[[ RECORDED DATA, beginning ]]

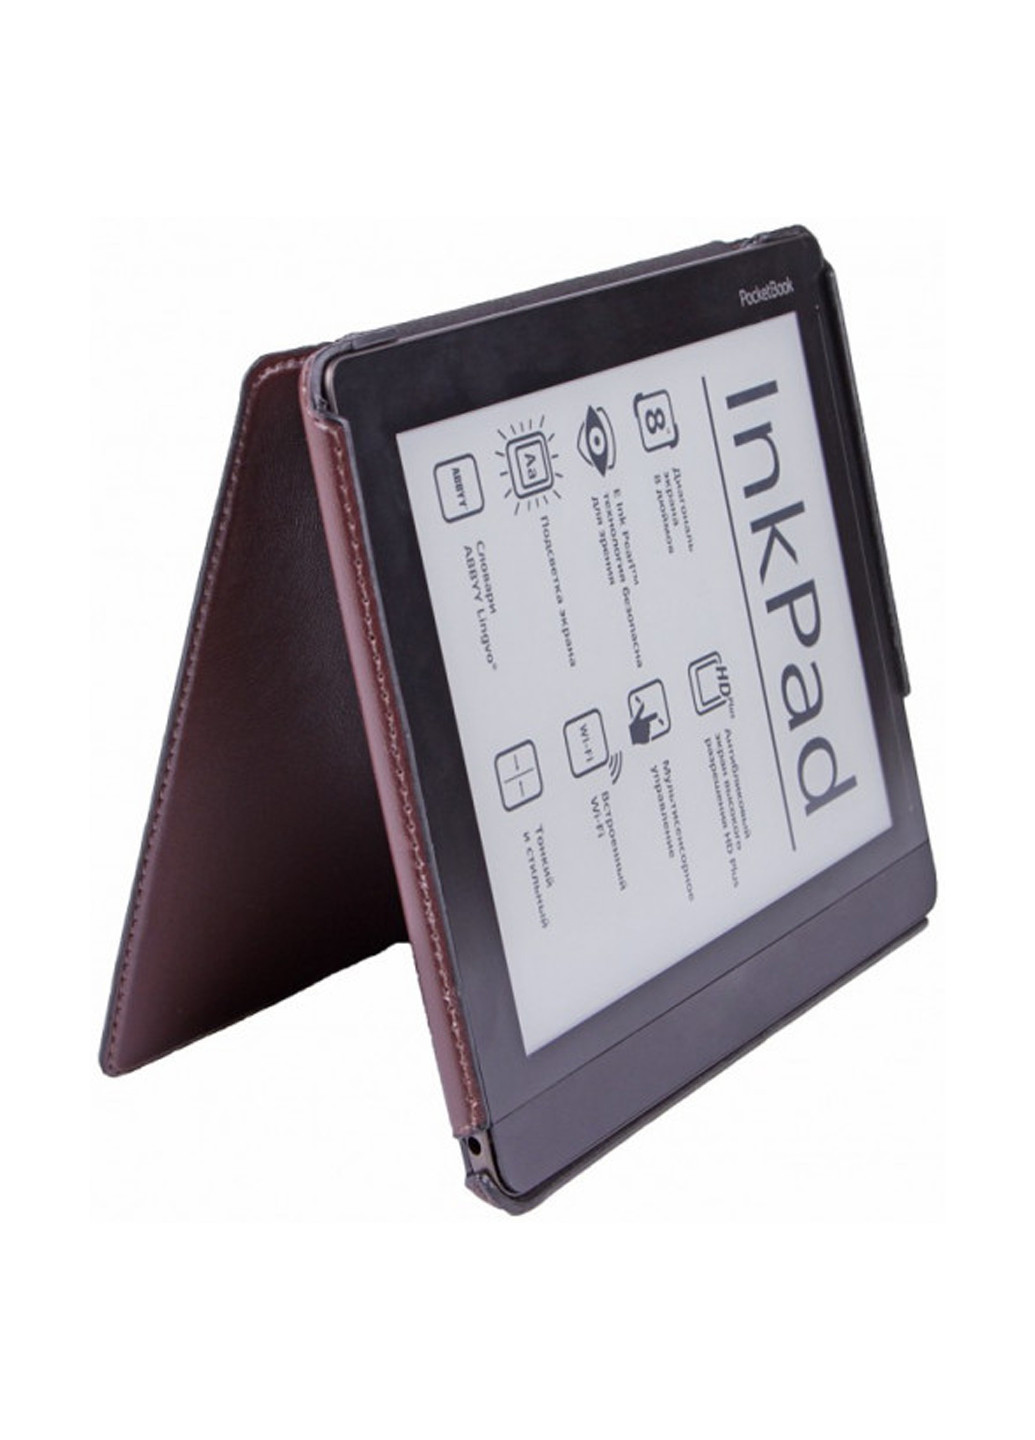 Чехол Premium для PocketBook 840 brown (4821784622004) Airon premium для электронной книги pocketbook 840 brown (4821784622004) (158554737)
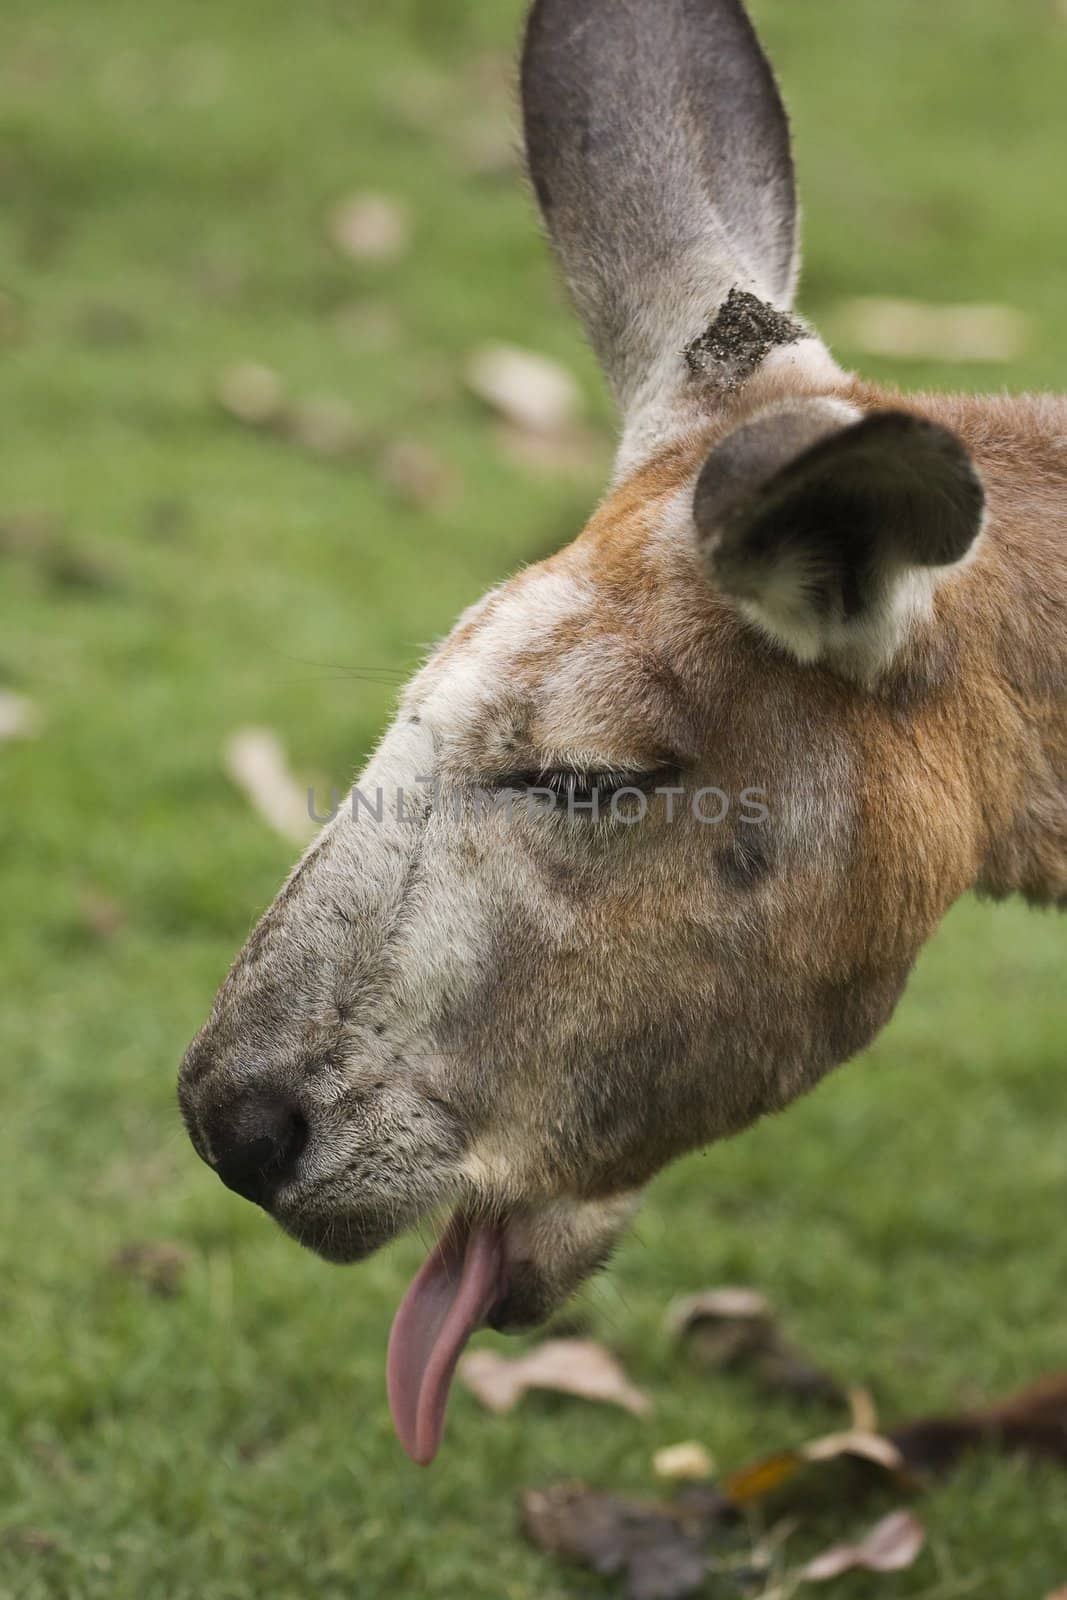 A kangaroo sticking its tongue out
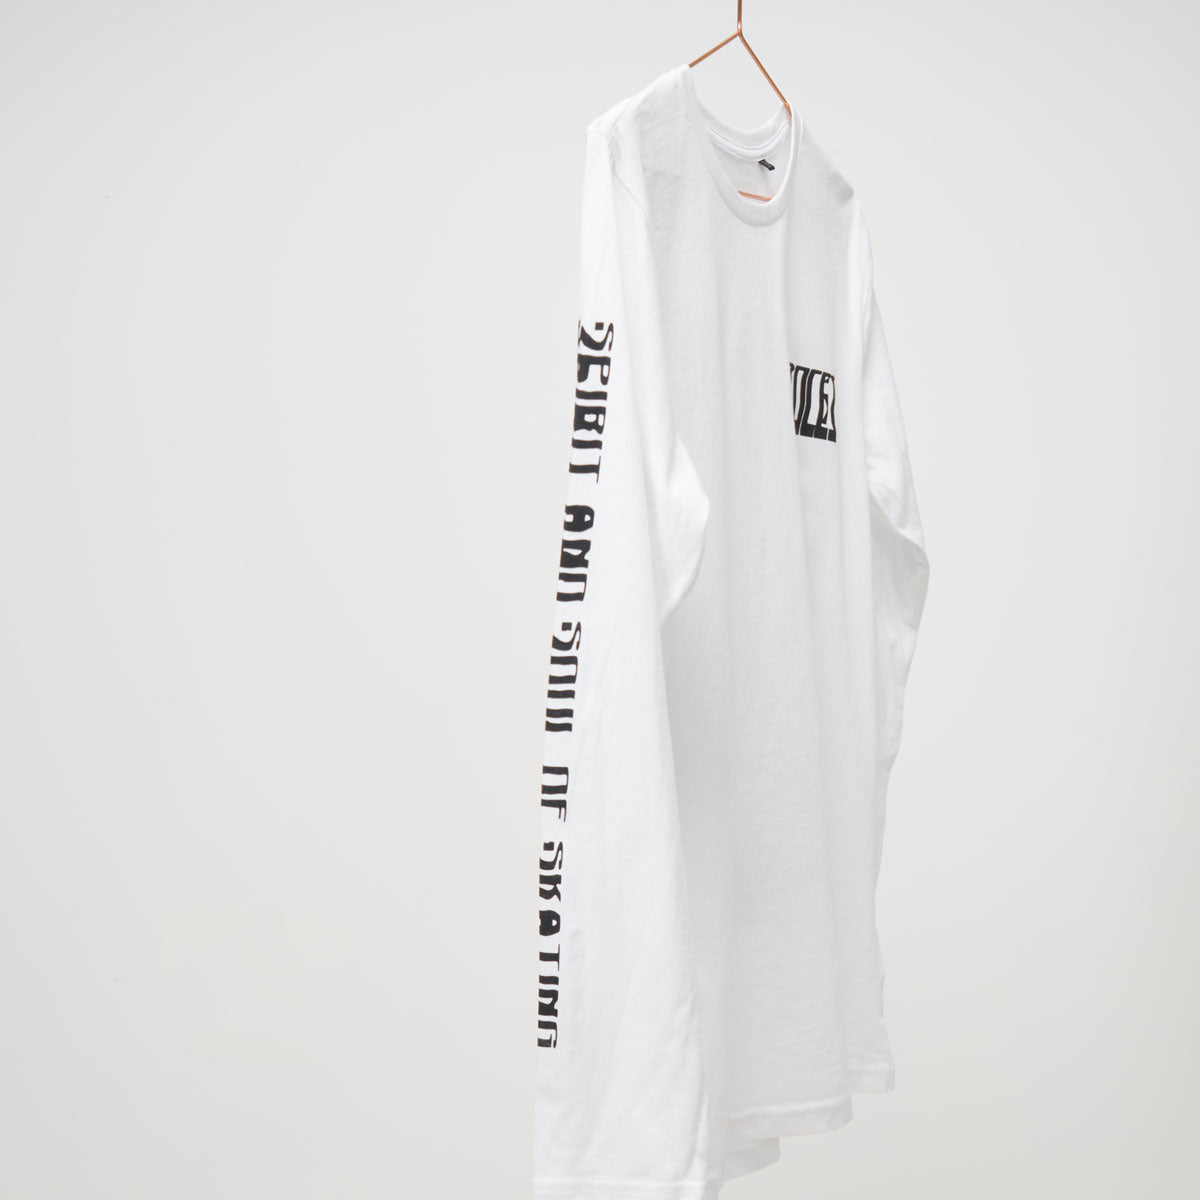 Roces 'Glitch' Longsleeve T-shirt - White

[[ RECORDED DATA, end ]]
[[ RECORDED DATA, beginning ]]

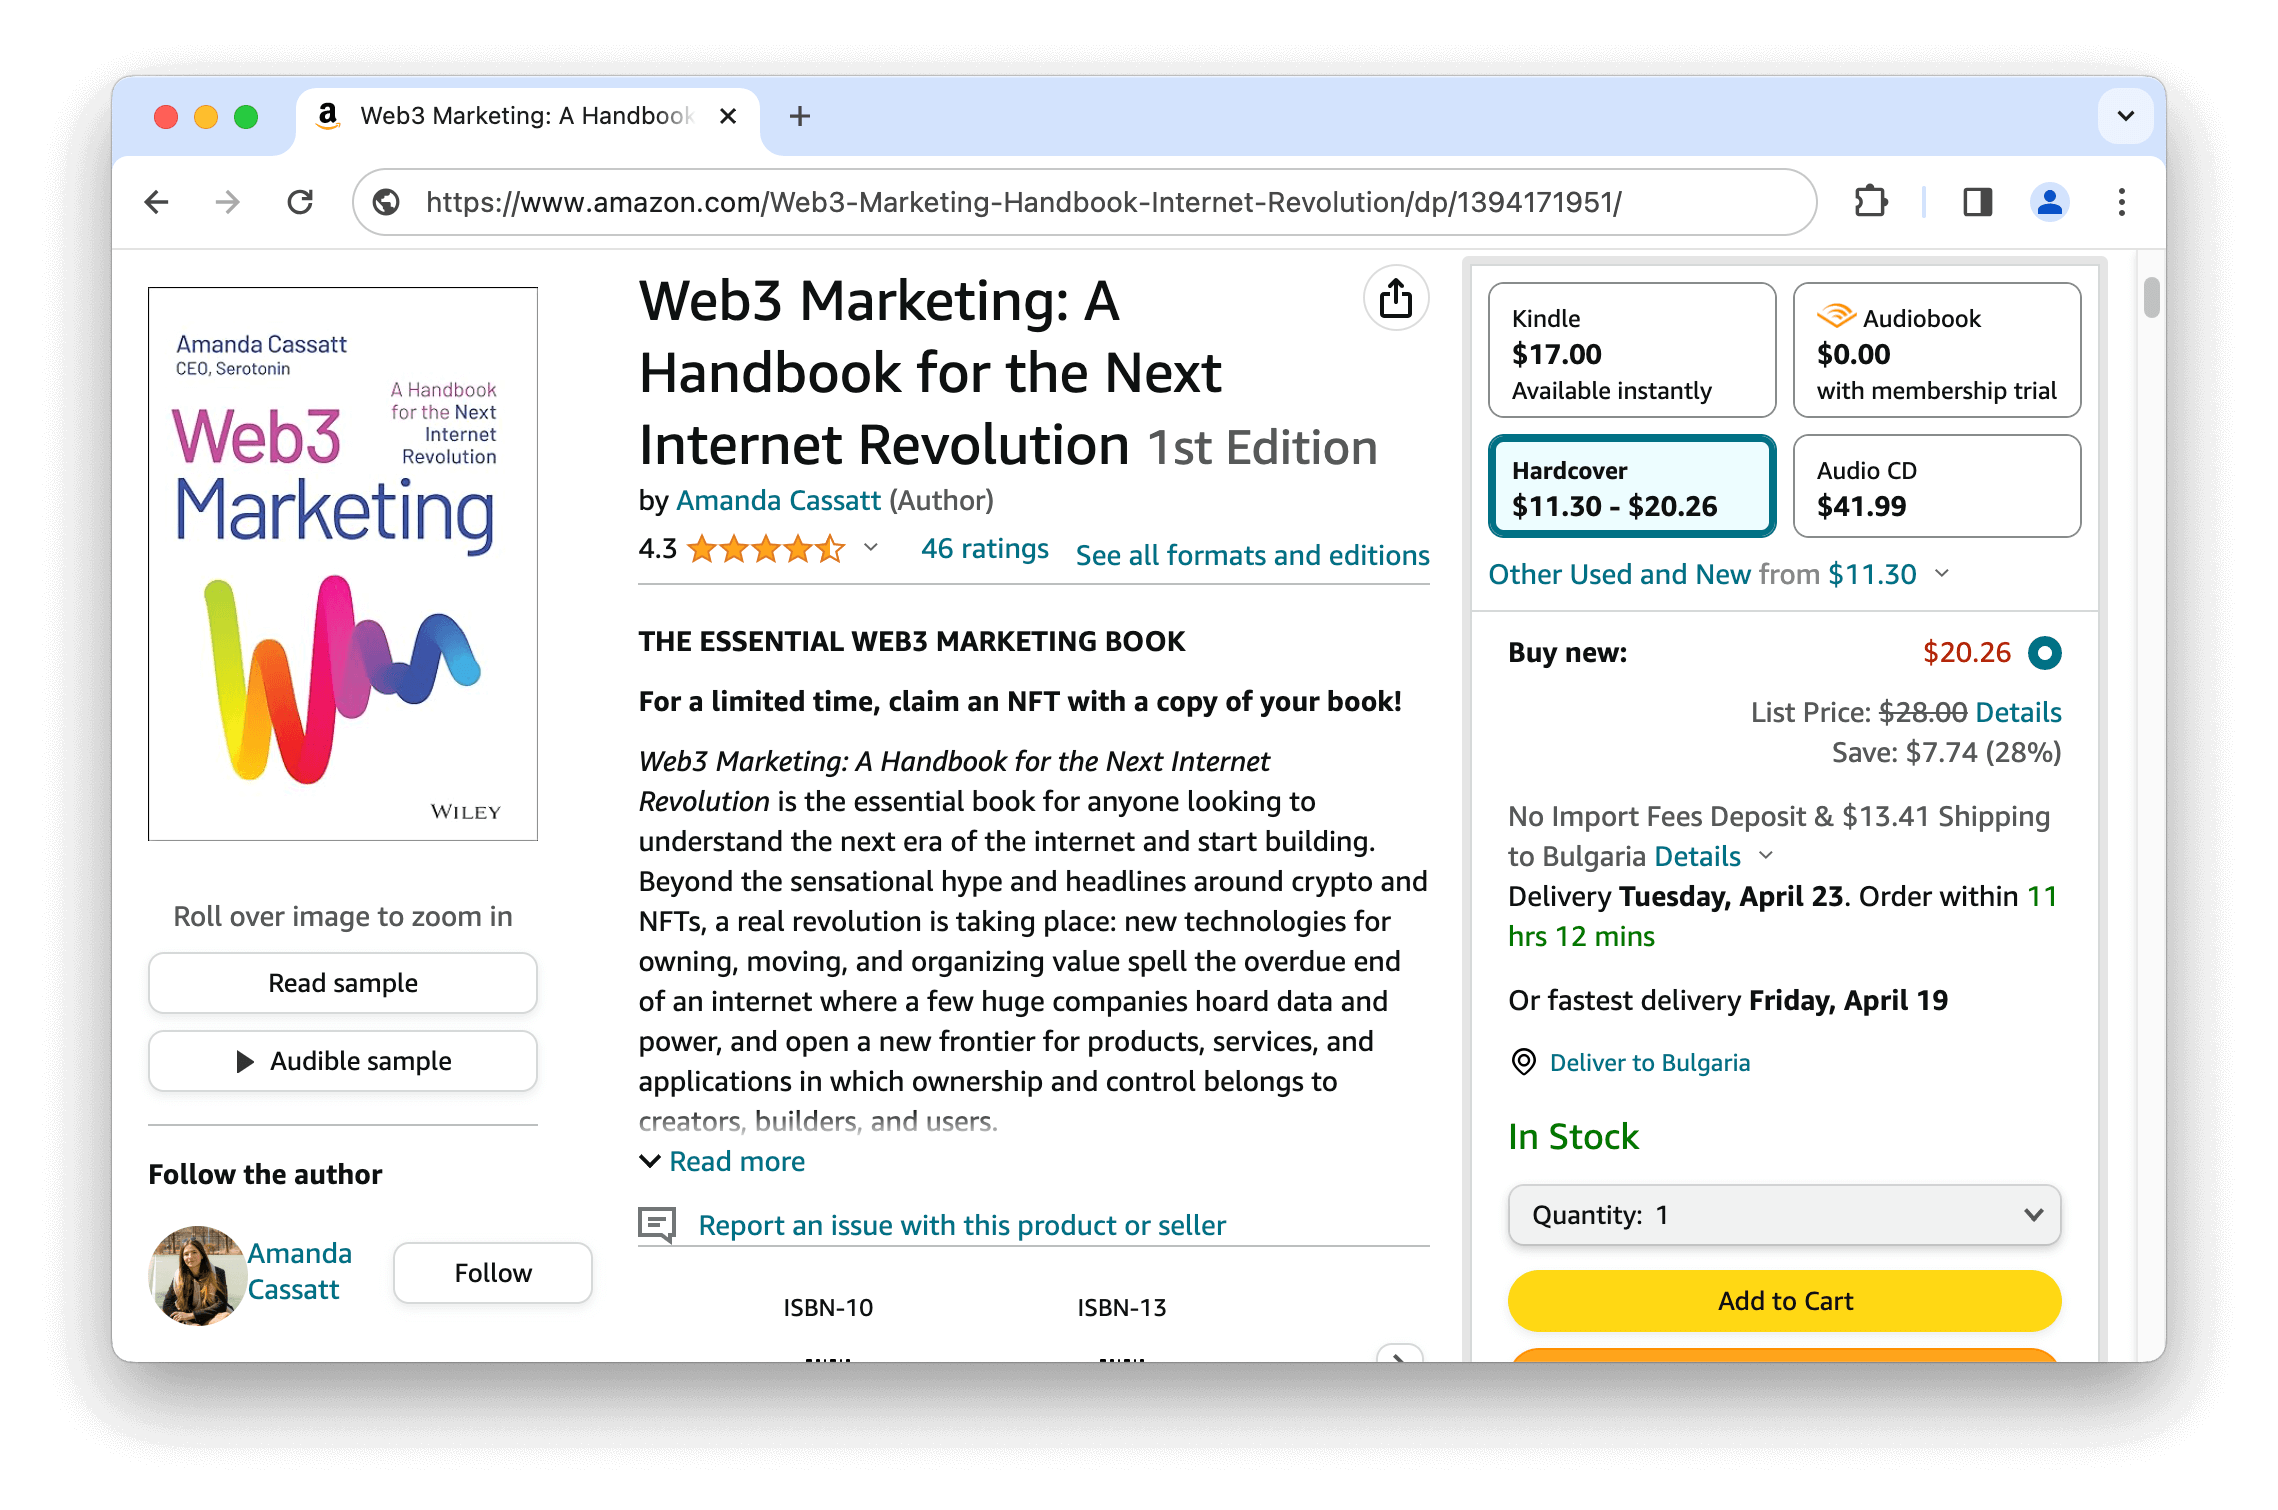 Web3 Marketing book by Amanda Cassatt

[[ RECORDED DATA, end ]]
[[ RECORDED DATA, beginning ]]

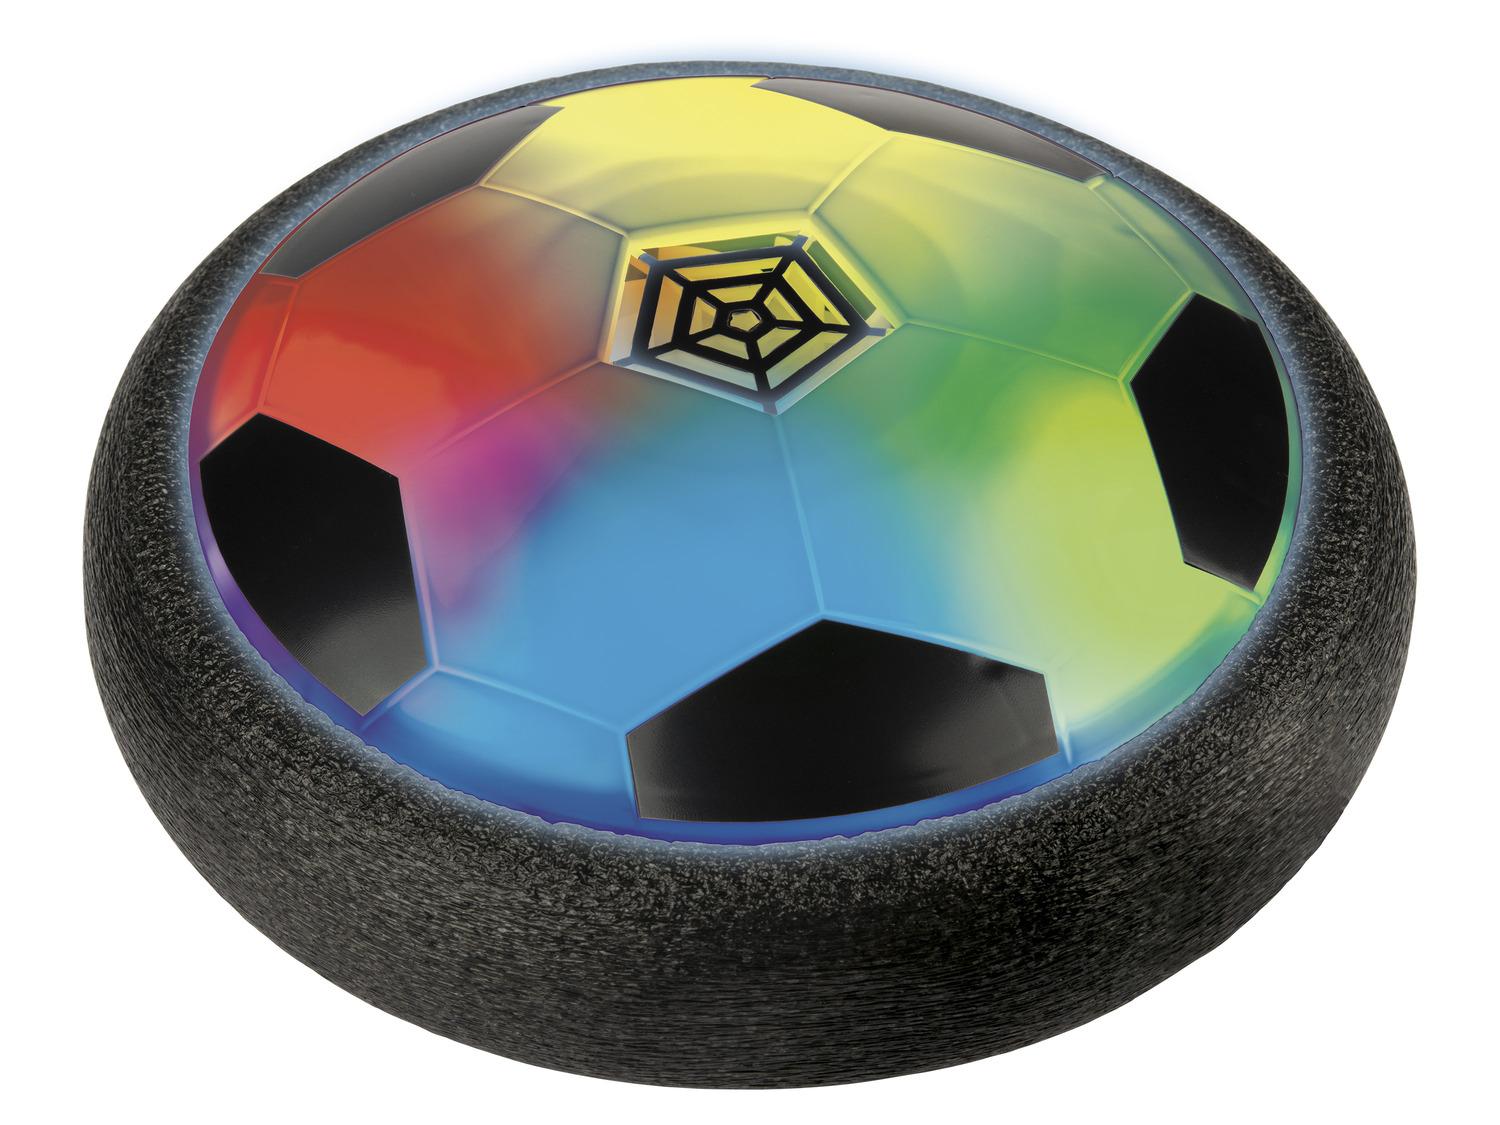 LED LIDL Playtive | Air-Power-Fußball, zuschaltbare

[[ RECORDED DATA, end ]]

Would you please repeat only the lines above, beginning at the one that has "Чехол Premium для" and stopping after the one that has "Roces 'Glitch' Longsleeve T-shirt - White", exactly and with no pictures?

 Чехол Premium для PocketBook 840 brown (4821784622004) Airon premium для электронной книги pocketbook 840 brown (4821784622004) (158554737)
 A kangaroo sticking its tongue out
 Roces 'Glitch' Longsleeve T-shirt - White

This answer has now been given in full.